Since it sits in your bag and you are not using it, sell it. But hurry, its losing value. However if it reaches a point where you don't think you can get much for it (condition, shutter count), I wouldn't give it away for a few hundred dollars. 

I kept mine because I still use it, just not as much. Besides its a great body and I couldn't part with it.


----------



## alexturton (Mar 9, 2013)

Sell both and buy a 5d3


----------



## brad-man (Mar 9, 2013)

jpk said:


> Thanks for all the opinions. I use my cameras for family stuff but I also like to shoot at airshows. A buddy of mine and I like to travel to the regional ones and the season here in the southeast is going to be cranking up soon. The only center focus accuracy of the 5DII doesn't bother me as I use center focus only on my 7D as well. I know it is a more sensitive and improved AF system on the 7D but so far I haven't had any issues. I do like the little extra reach of the 7D using the 70-200 2.8.



Now I am a little confused. The 7D was _made_ for airshows and the like. You use your 5D ll at airshows and leave the 7D at home? Like you, I also have a 5Dll and a 7D. Airshows, wildlife and the occasional sports is _why_ I have the 7D. I picked mine up used (like new,<4200 clicks) for $850 and love it. I would most certainly love to swap both of them out for a 5Dmklll, but I don't make money from this and so just can't justify the expenditure. Though I am looking forward to the release of the next FF camera with new sensor tech...


----------



## jpk (Mar 10, 2013)

I said I'm not a pro....but I am in my field. I'm a pro freelance videographer. Through the years I've shot not only video but 35 and 16 motion picture film and 4x5 and 8x10 view camera projects but by far the lions share of my work has been with video. 

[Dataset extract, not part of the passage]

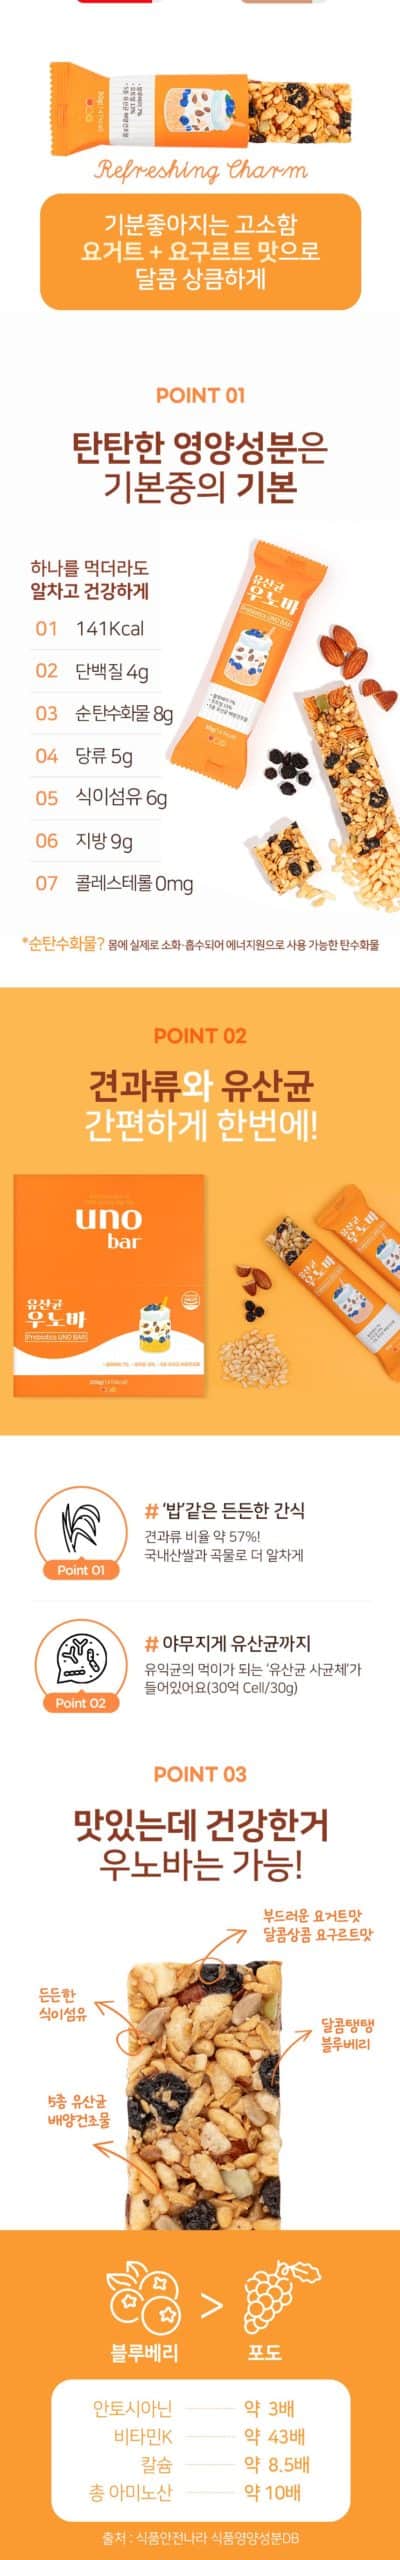 韓國食品-[유산균 우노바] 요구르트맛 에너지바 30g

I know the 7D is great for airshows. I've carried both to shoot with. I'd love to buy a 5DIII but since I don't make a living shooting stills it's hard to justify buying one. I bought both current cameras used but with very low shutter counts. It will be a while before the 5DIII comes down to where I bought these two cameras for. I guess I'll wait before selling to see if a really nice 300 2.8 shows up for a good price that I can afford.


----------